__Aim of the task__. The reply should contain all the data below, repeated exactly, and none of the images.

__Information shown__.
···
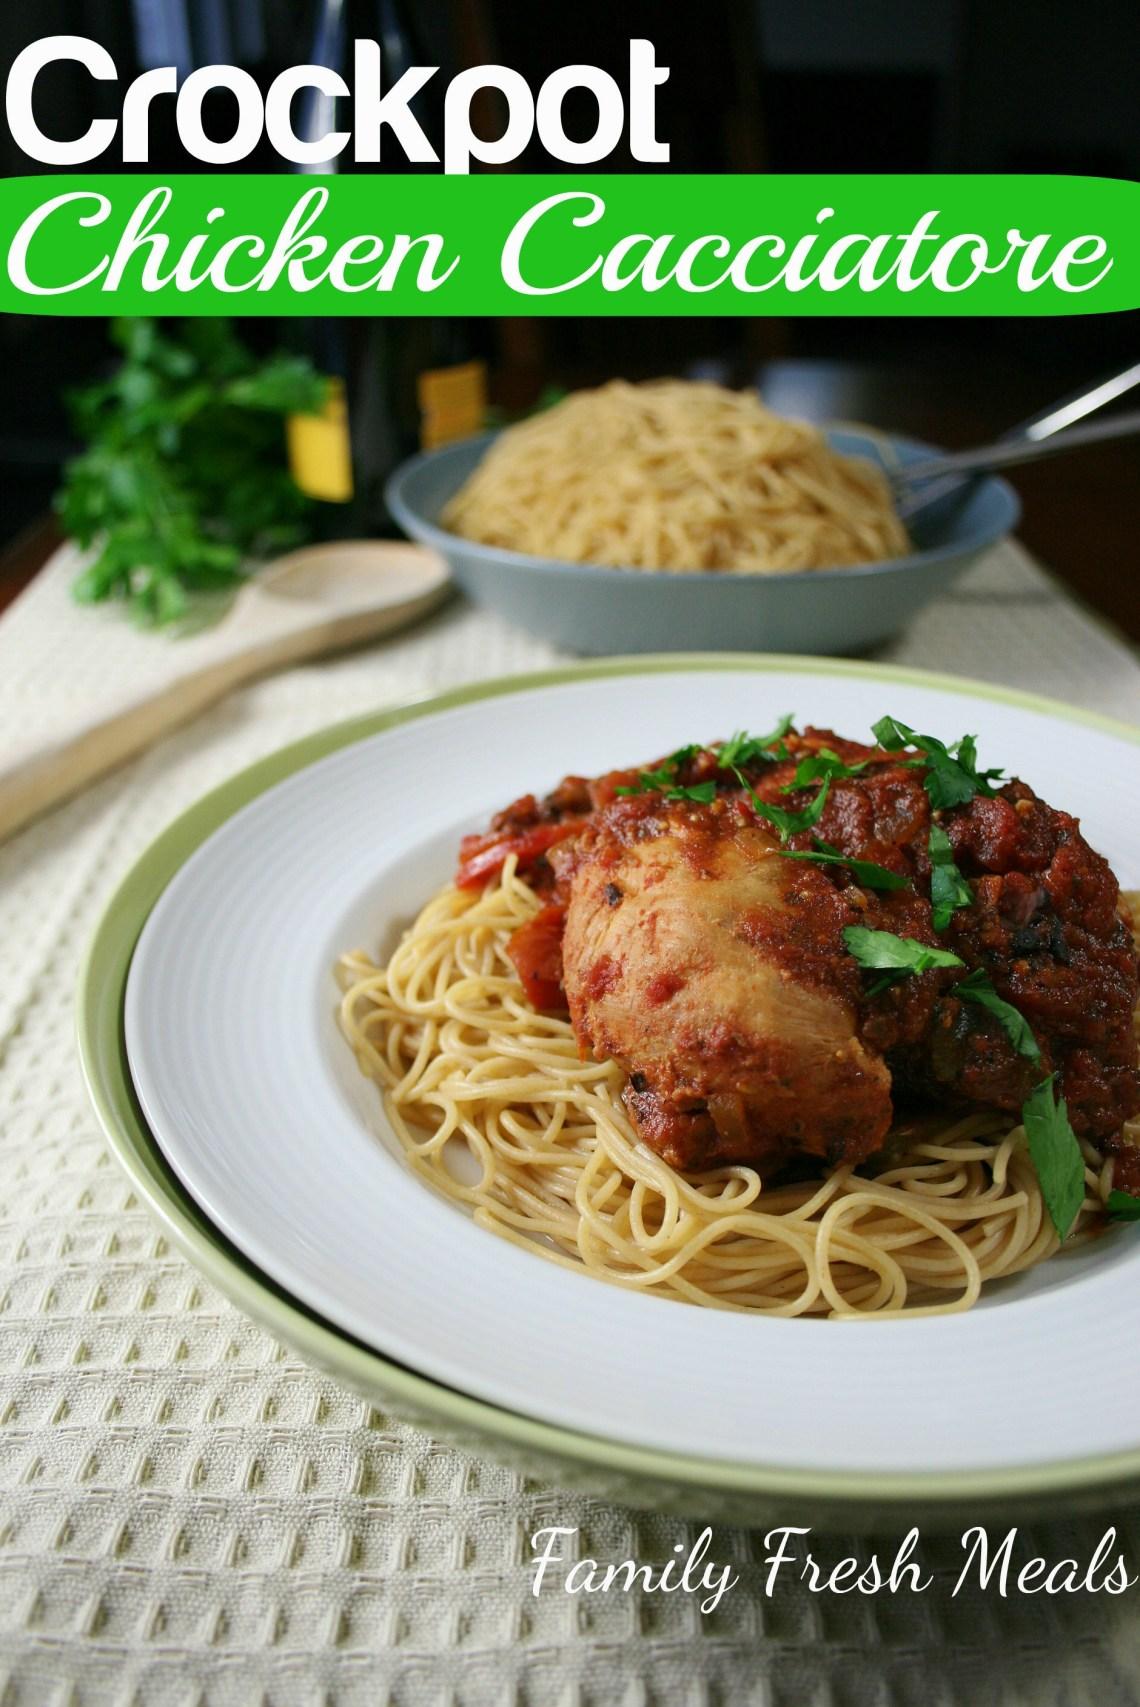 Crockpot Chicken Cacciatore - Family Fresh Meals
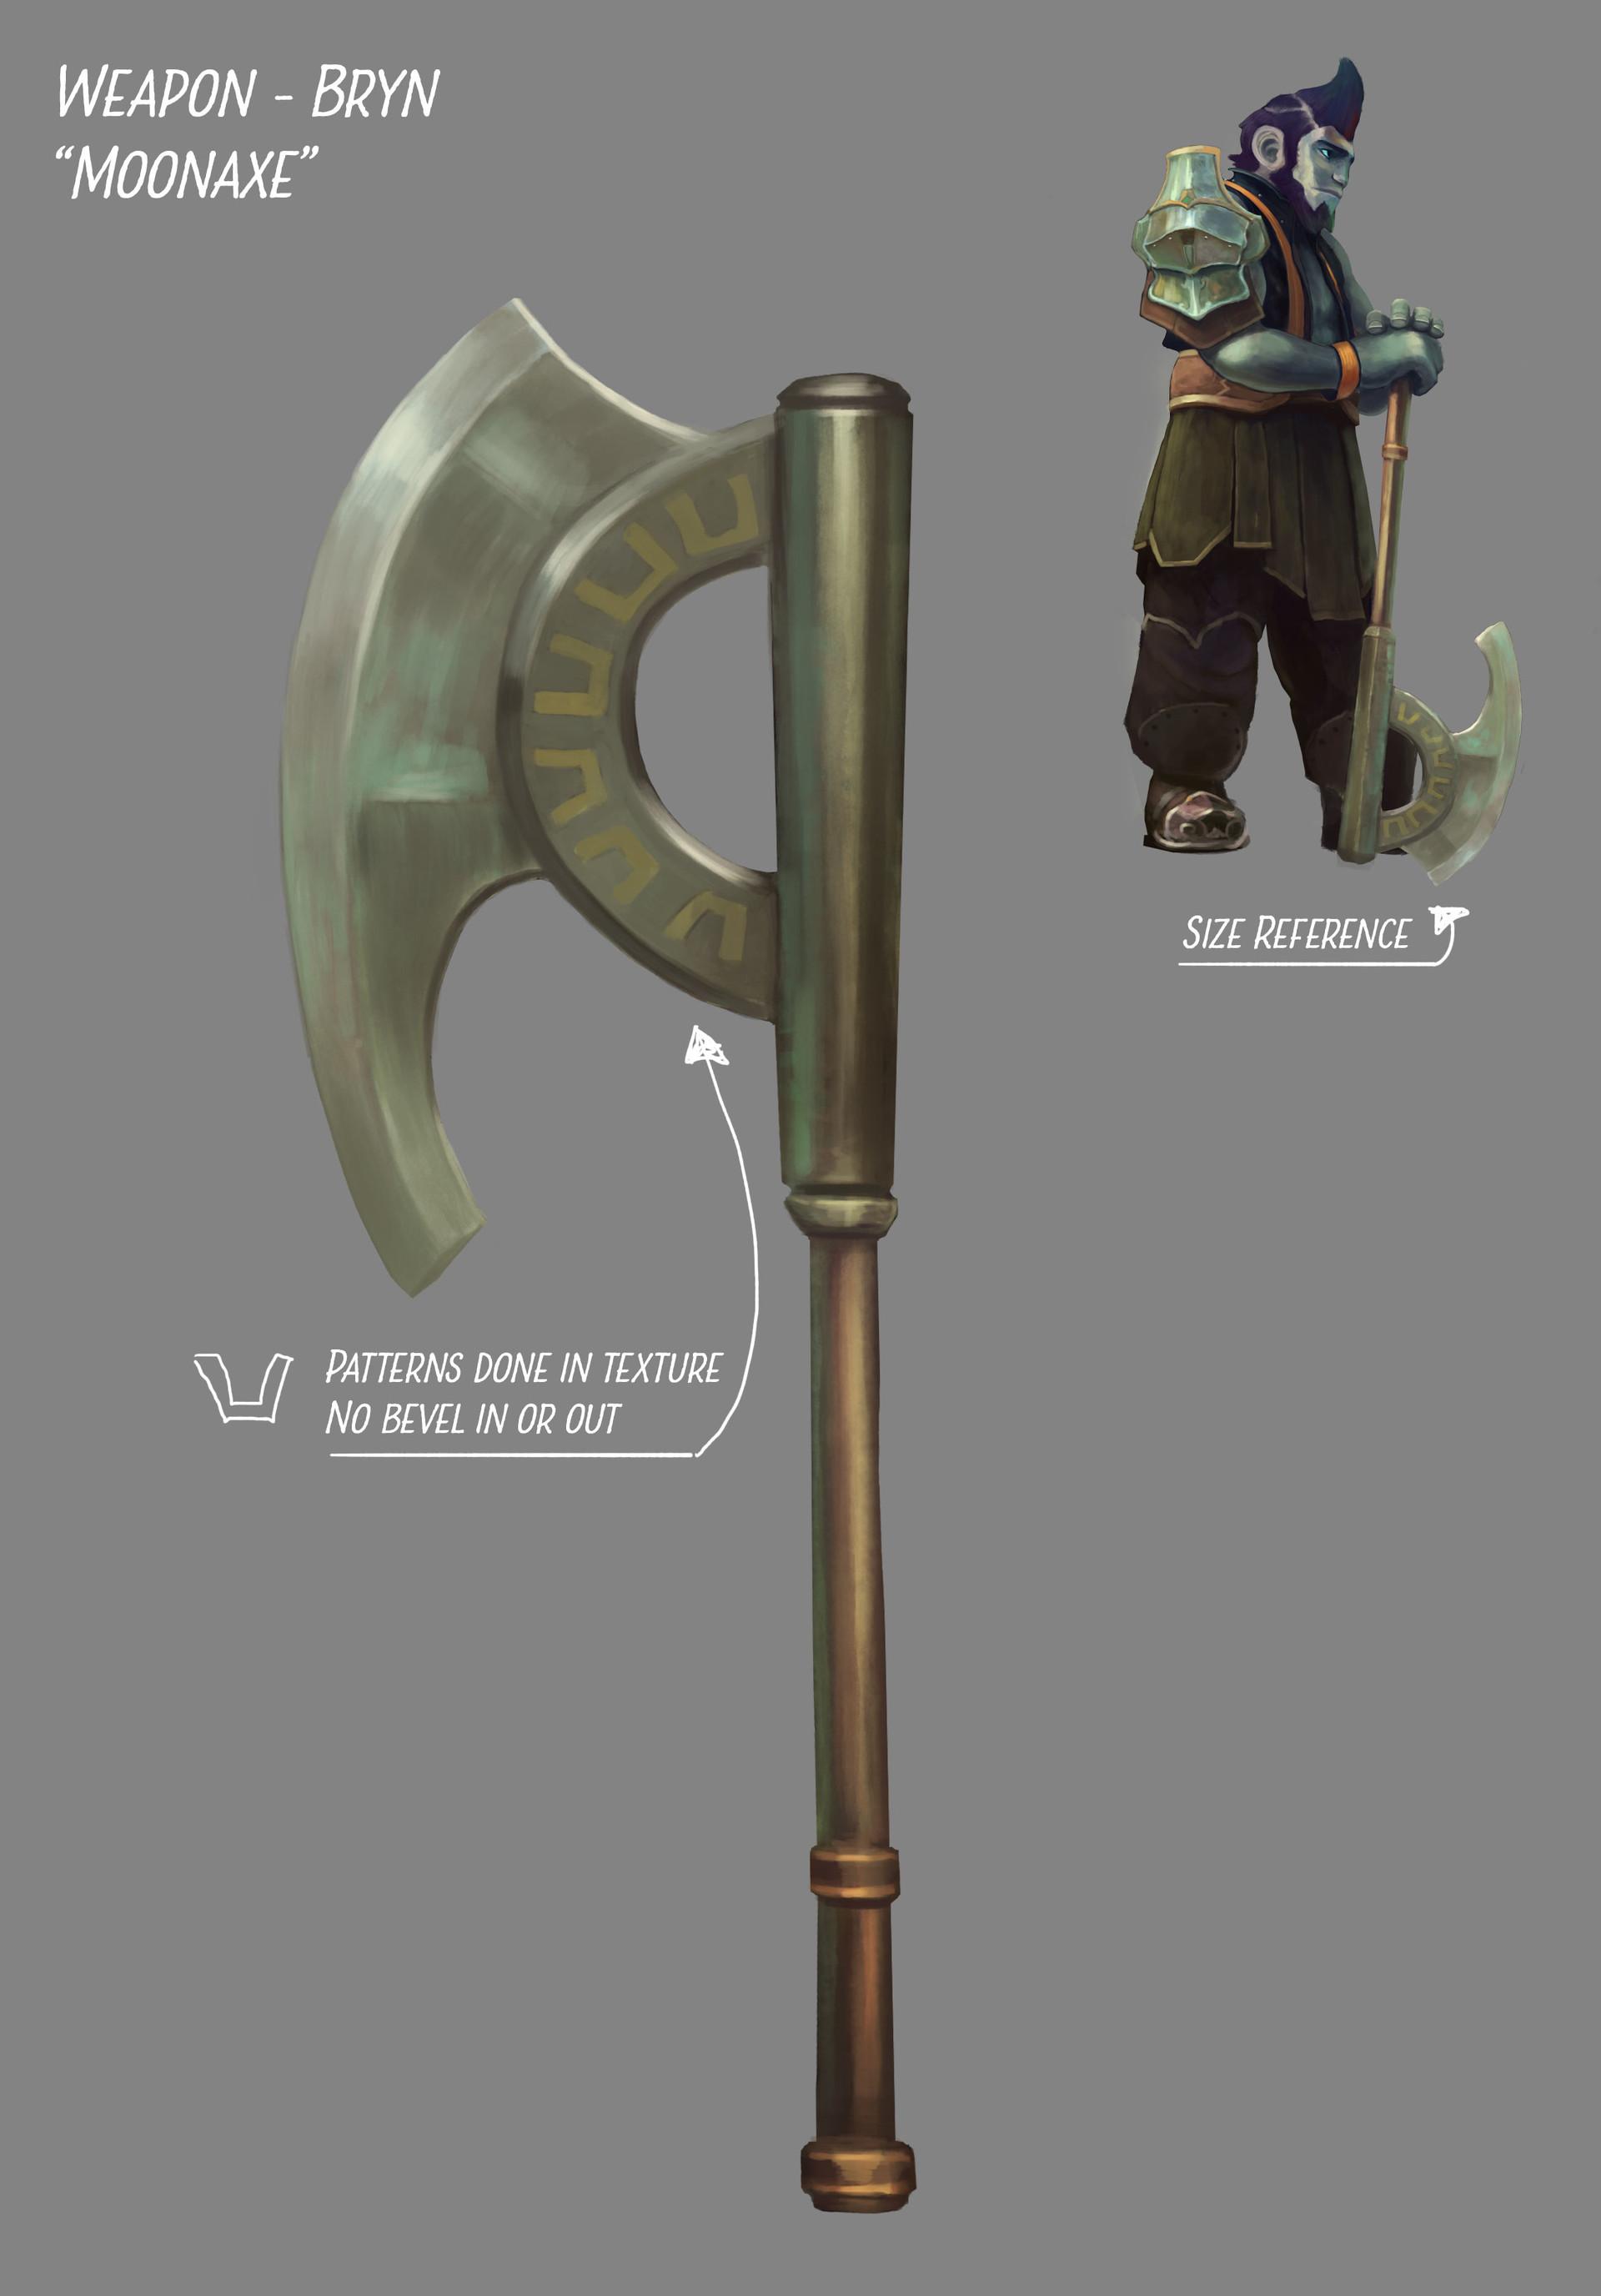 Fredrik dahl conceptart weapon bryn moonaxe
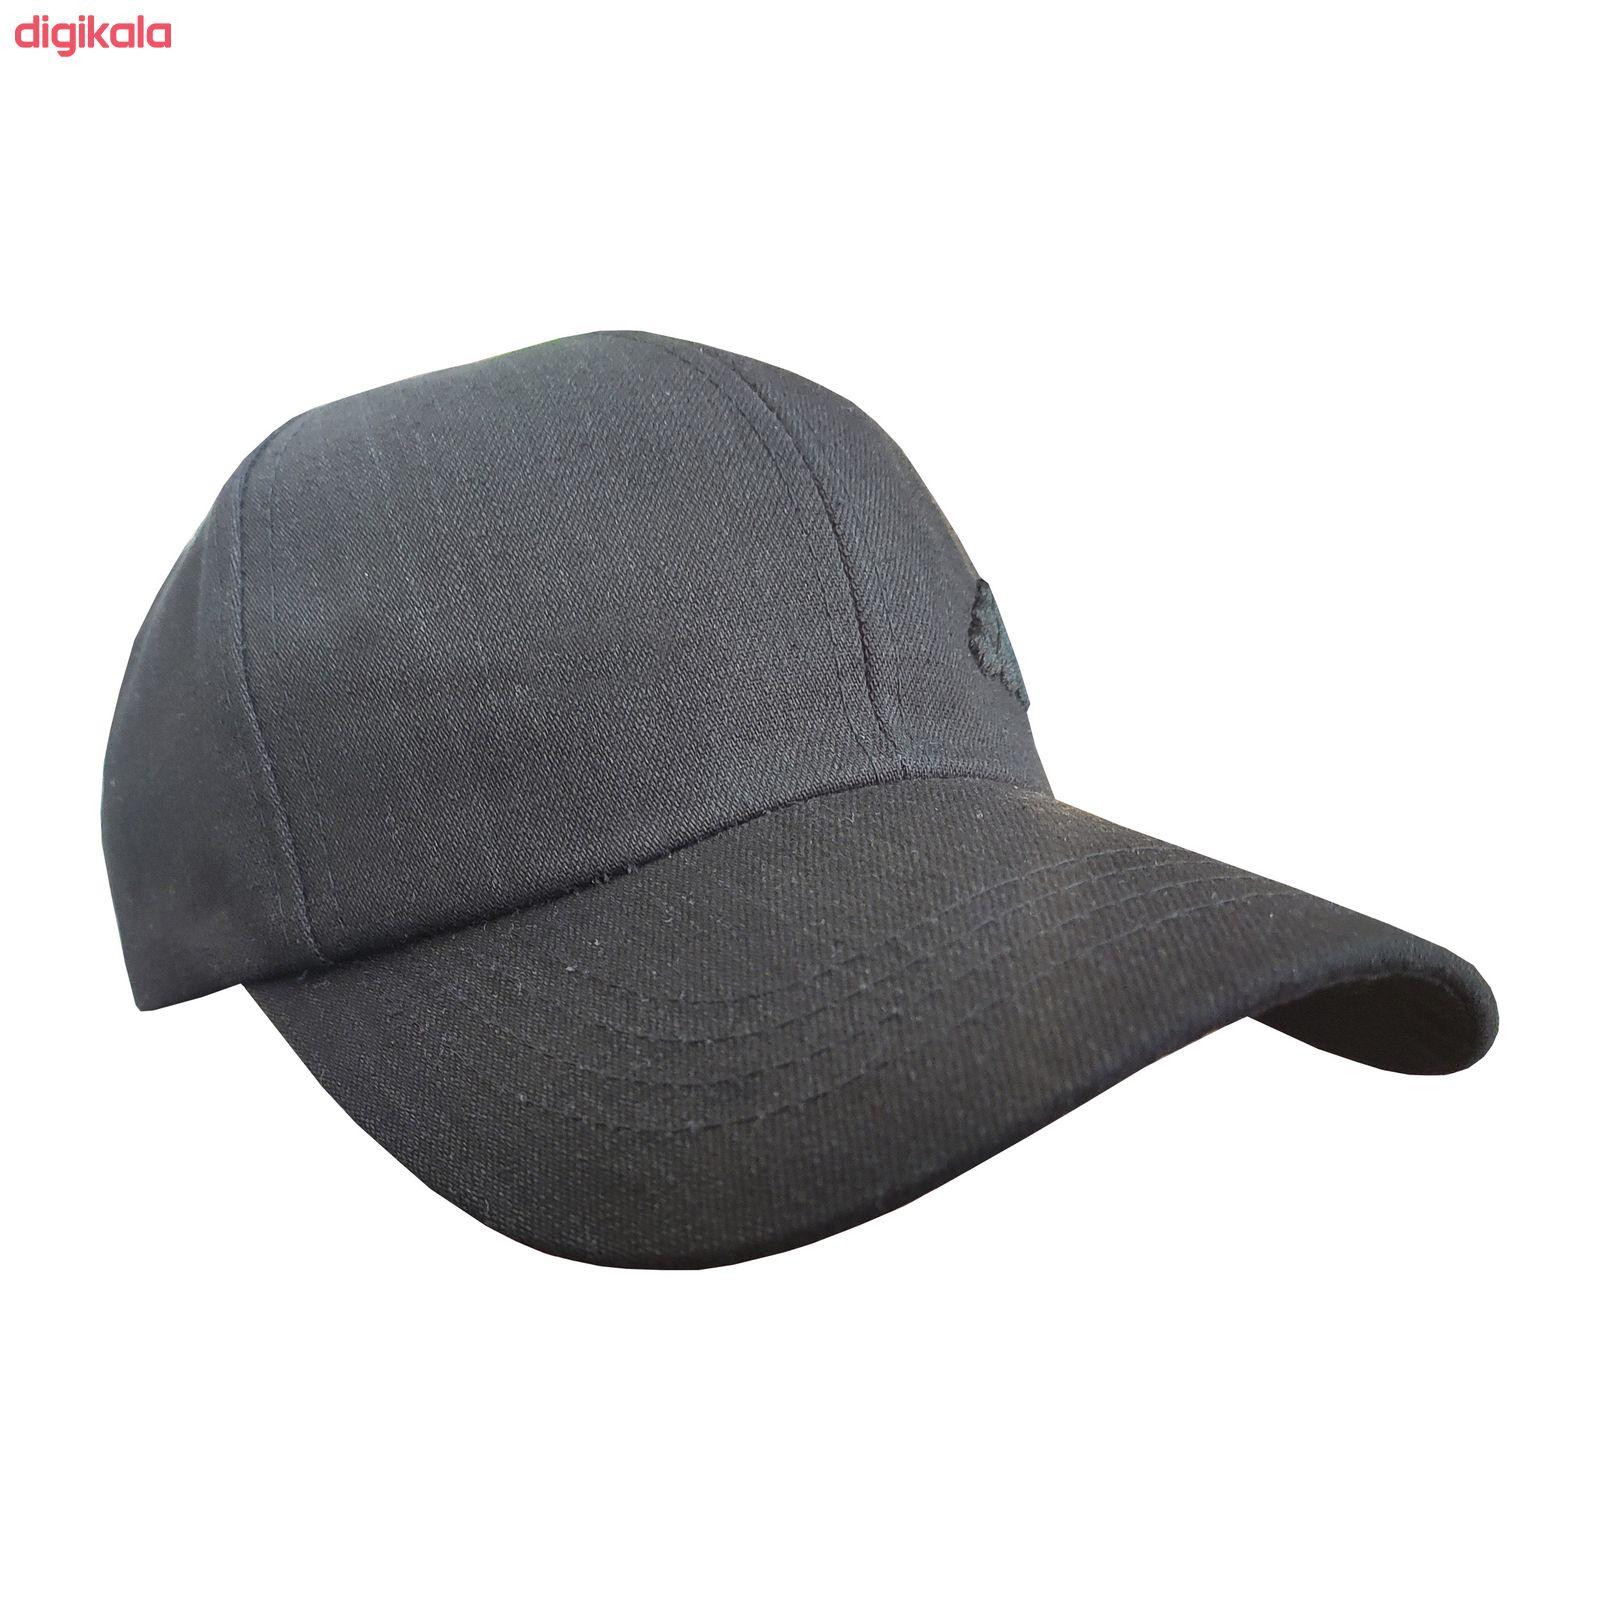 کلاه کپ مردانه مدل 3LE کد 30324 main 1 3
···
__Answer box__.
 Crockpot Chicken Cacciatore - Family Fresh Meals
 Fredrik dahl conceptart weapon bryn moonaxe
 کلاه کپ مردانه مدل 3LE کد 30324 main 1 3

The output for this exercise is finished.